Saturday, January 28 2012 11pm
Adventures in Animationland new works by filmmakers & visual artists
Co-presented with the Toronto Animated Image Society
For our 2012 edition, the 8 Fest decided to focus on animation for its hands-on methods of bringing life to still images, or as a means of conveying what can only be expressed by abstracting shapes and bodies, or as a vocabulary for measuring tensions between the static and the kinetic. In addition to the works received as submissions, the 8 fest has commissioned new animated works by visual artists already working with film and visual artists whose bodies of work seriously implied moving pictures. Films byTara Nelson, Robbie Land, Chloe Reyes, Leslie Supnet, Kate Wilson, Julie Voyce, Stephen Broomer, Daryl Vocat, Tanya Read, and Allyson Mitchell + Deirdre Logue.
Sunday, January 29 2012 7pm
Bush Films
Presented by the Home Movie History Project
Home movies of hunting, fishing and working in the great Canadian bush.
By the later 50’s home movie equipment was cheap enough that working men and women began to cart their camera gear into the bush to document their enjoyment of woodcraft, sport and work on the land. From Nova Scotia, Ontario and BC, we present images of life set in what Canadians have most often just called the bush.

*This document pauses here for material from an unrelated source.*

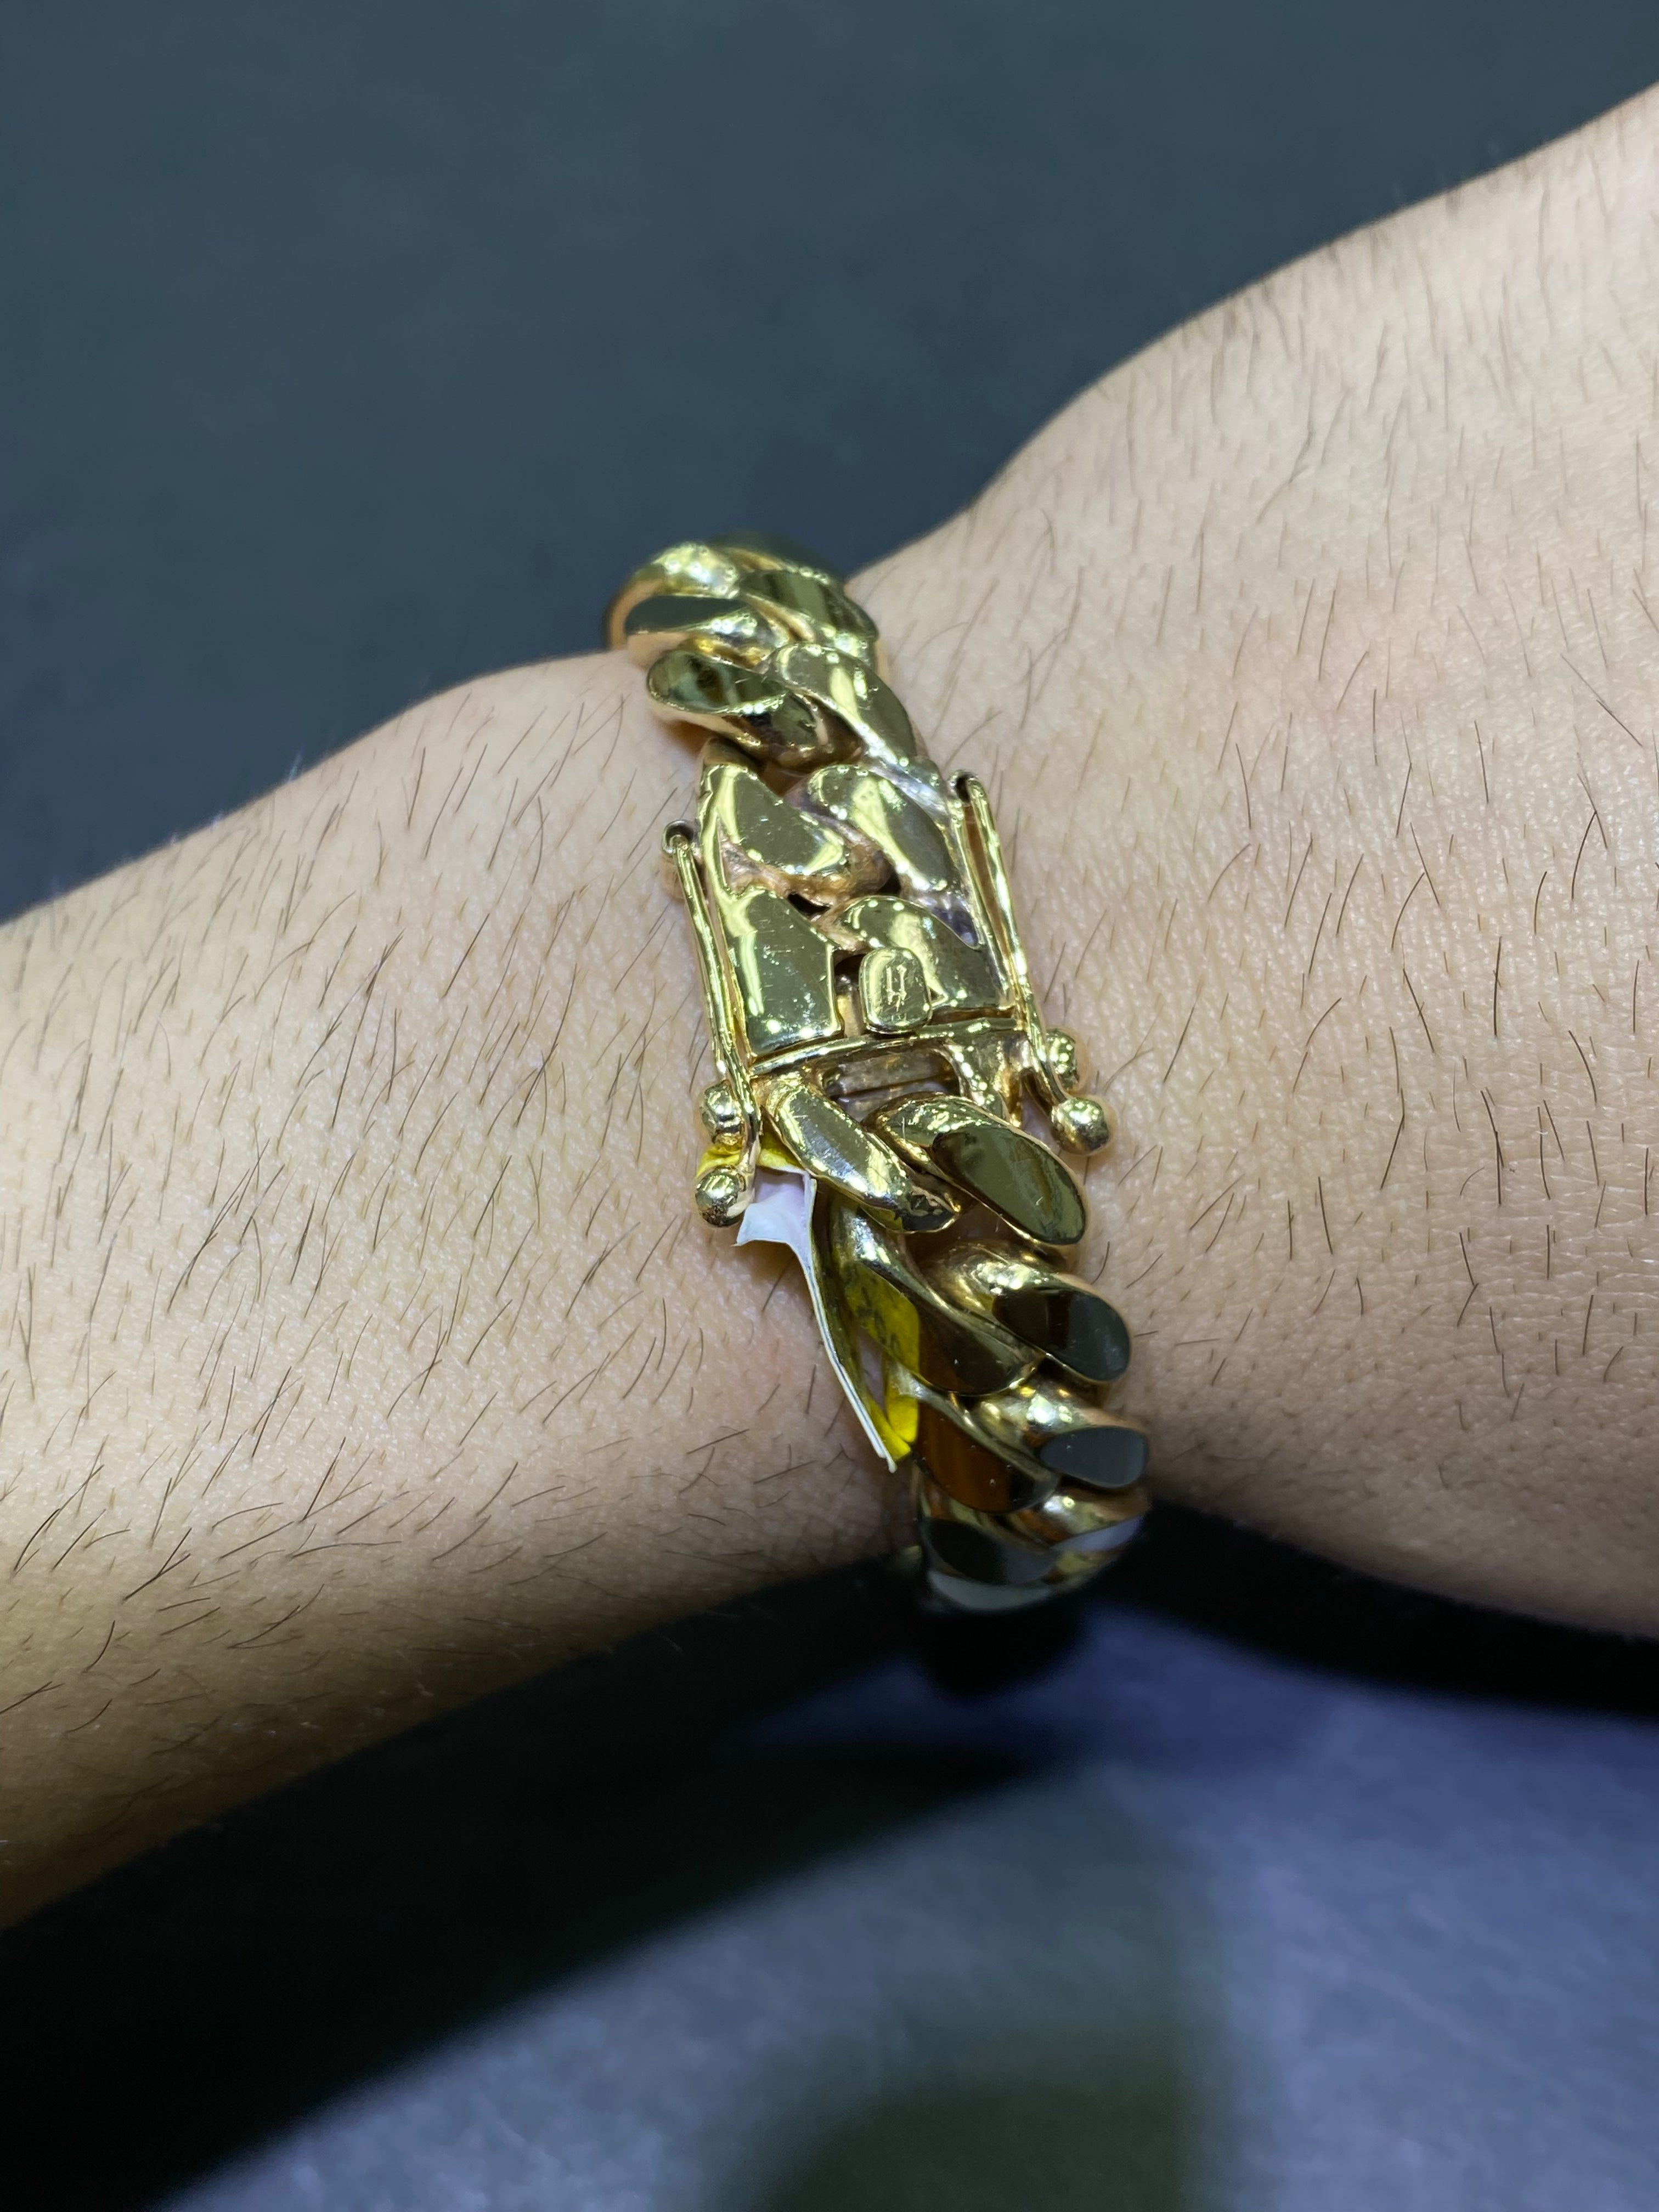 new 10k handmade solid miami cuban link bracelet

Rock blasts and log booms. Stubbies, cigs and firearms. Frozen lakes and tall mountains. Orange vests and caps. Evergreens and birch. Bush planes and back roads. In this world of rock, snow and stunning fall colours, the man’s man culture of rural Canada is played out for the camera by bold men and a few still bolder women.
Sunday, January 29 2012 9pm
Bagerooooo, five! Part 2 recent small-gauge filmmaking!
sponsored by the Canadian Filmmakers Distribution Centre
Part two of our exciting new works show closes out this year's screenings! These films were selected from an international call for recent small gauge films. Films by Dagie Brundert, Amanda Dawn Christie, Hayley Elliot, Martin Reis, Frank Biesendorfer, Chris Kennedy, Jonathan Culp, Jason Halprin, Rick Bahto, Aaron Zeghers, Christine Lucy Latimer, Paul Clipson, James Noel, Charles Officer and Adam Garnet Jones.